Hippothoüs led the tribes of the spear-skilled Pelasgians, of those who inhabited fertile Larissa; Hippothoüs and Pylæus of the line of Mars, the two sons of Pelasgian Lethus, son of Teutamus, commanded these.

But Acamus and the hero Piroüs led the Thracians, all that the rapidly flowing Hellespont confines within.

Euphemus, son of heaven-descended Trœzenus, son of Ceas, was commander of the warlike Cicones.

But Pyræchmes led the Pæonians, who use darts fastened by a thong, far from Amydon, from wide-flowing Axius, from Axius, whose stream is diffused the fairest over the earth.

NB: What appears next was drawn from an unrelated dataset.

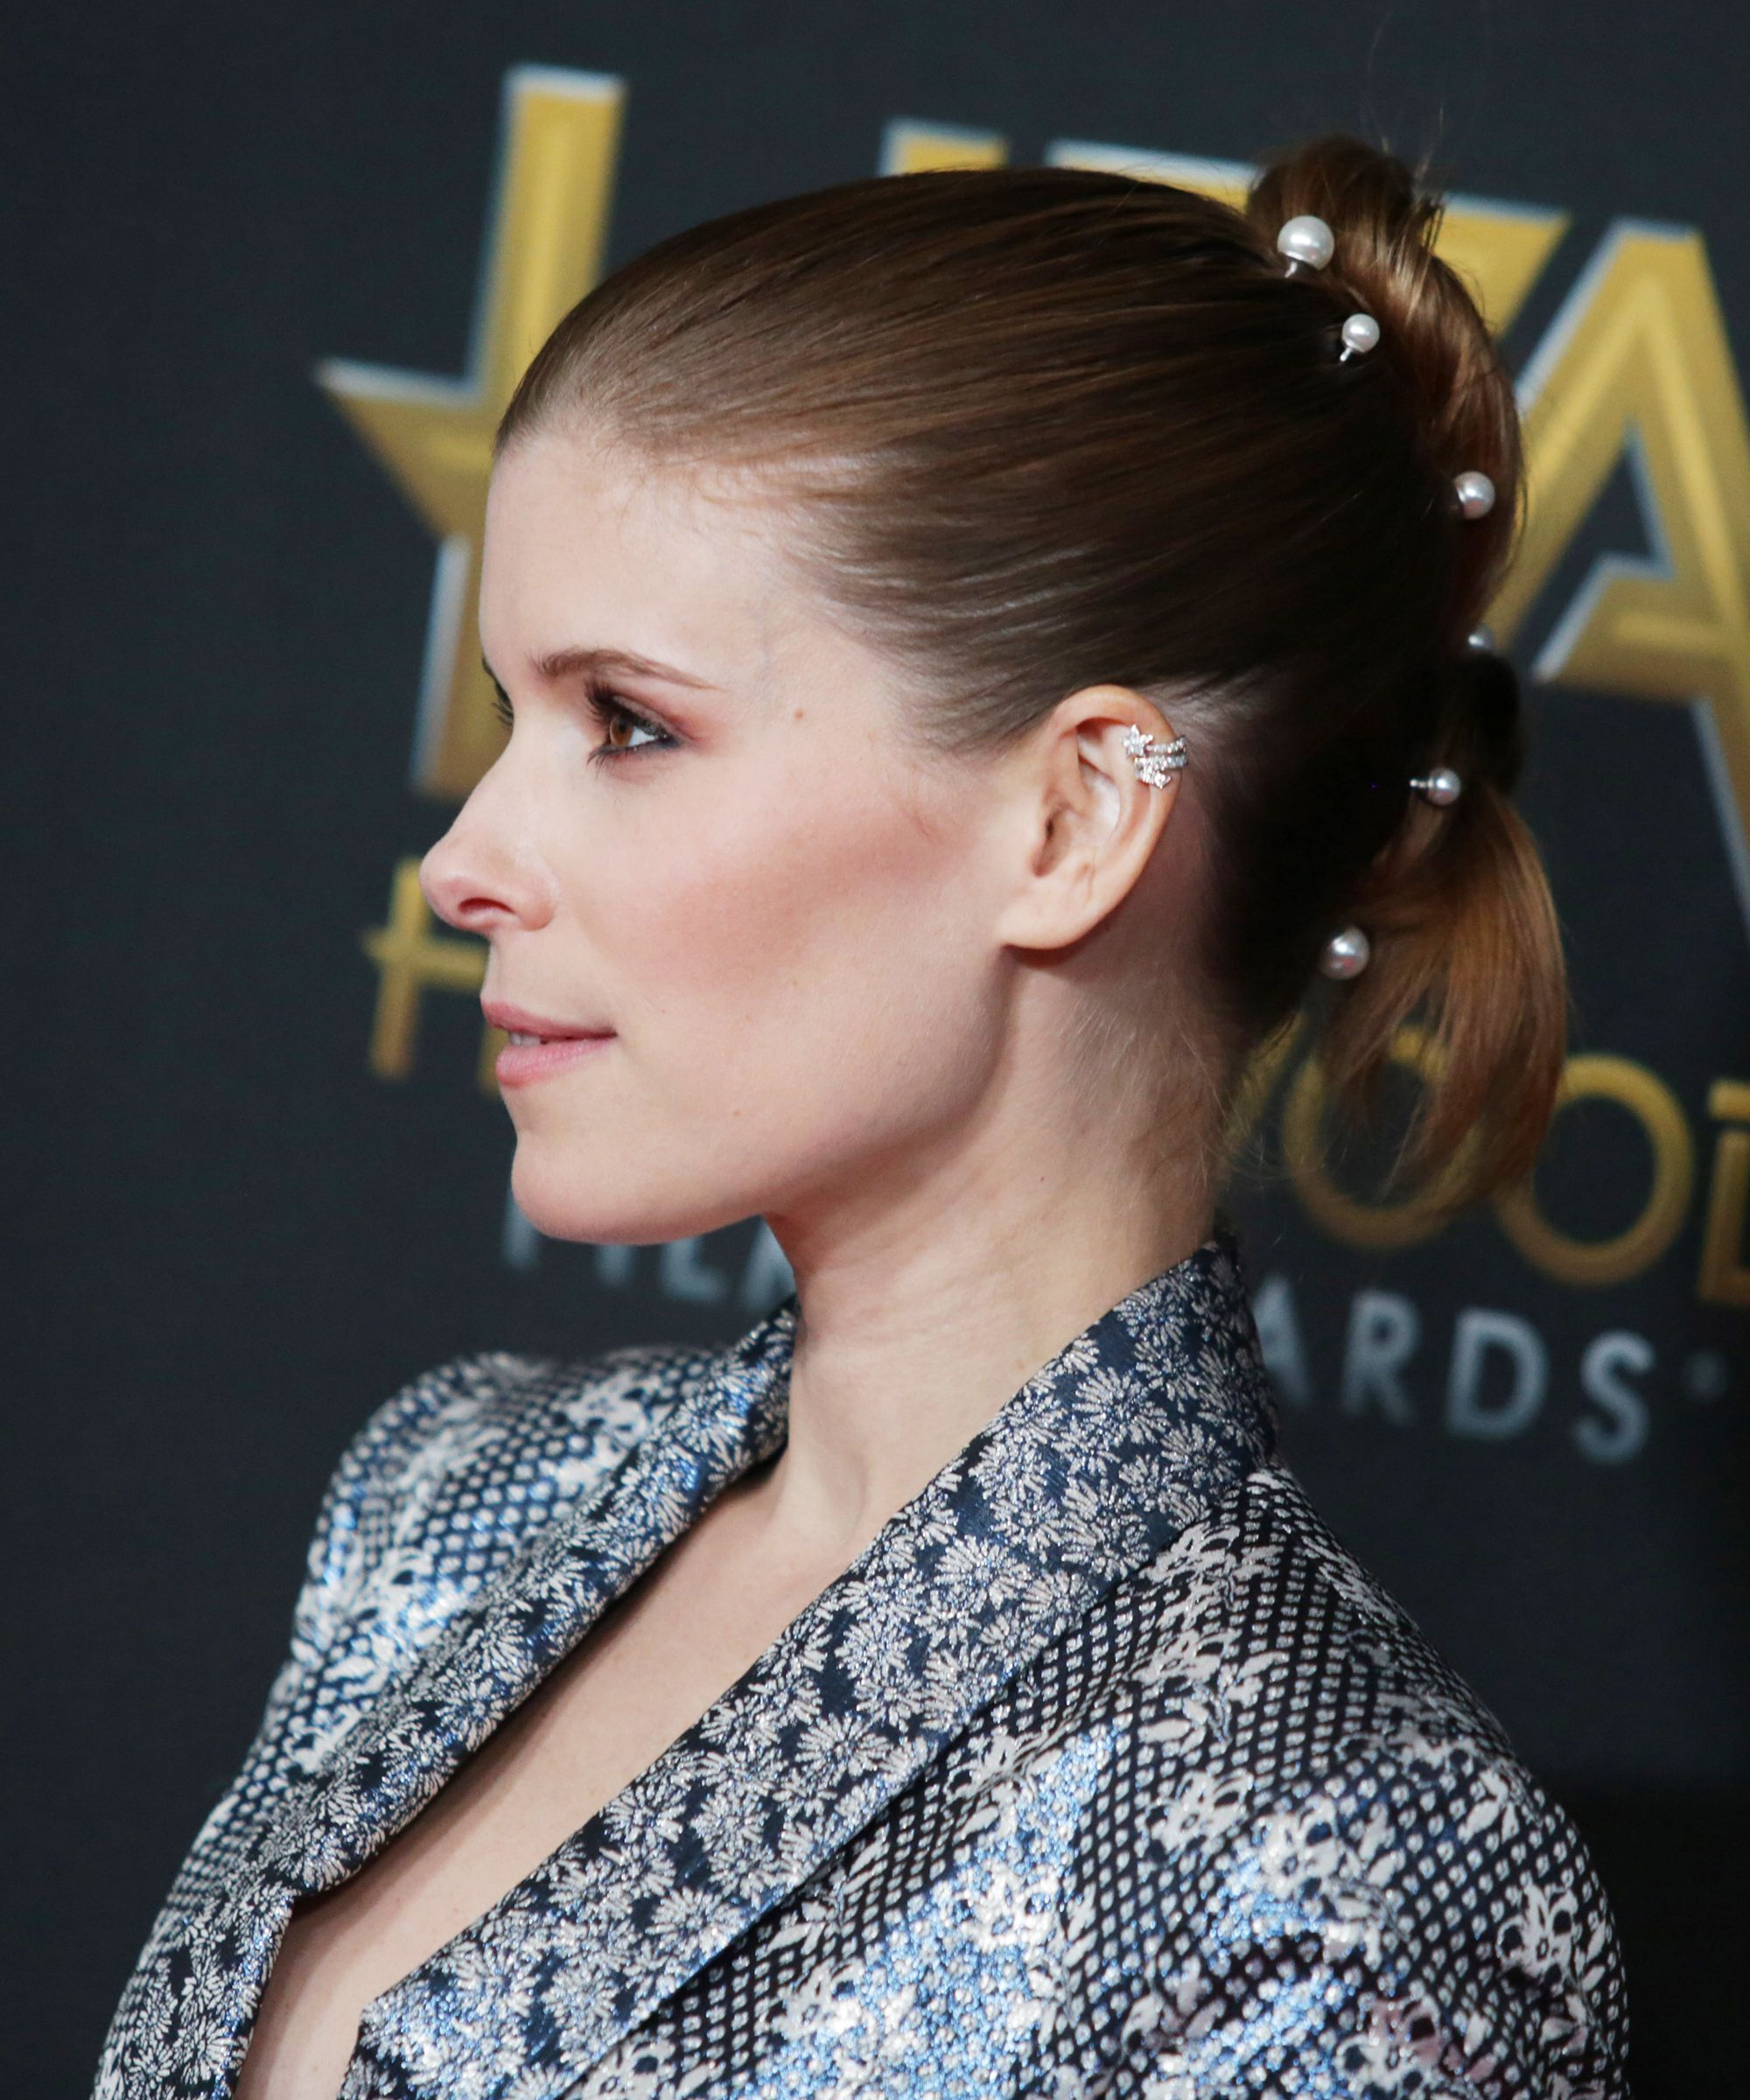 Hollywood Is Loving This Minimalist Hair Trend

But the sturdy heart of Pylæmenes from the Eneti, whence is the race of wild mules, led the Paphlagonians, those who possessed Cytorus, and dwelt around Sesamus, and inhabited the famous dwellings around the river Parthenius, and Cromna, Ægialus, and the lofty Erythine hills.

But Hodius and Epistrophus, far from Alybe, whence is a rich product of silver, commanded the Halizonians.

  1. Cf. iv. 119. "The inhabitants of Zeleia worshiped Apollo, and Zeleia was also called Lycia; facts which show that there was a real connection between tho name of Lycia and the worship of Apollo, and that it was the worship of Apollo which gave the name to this district of Troy, as it had done to the country of the Solymi."—Müller, Dor. vol. i. p. 248.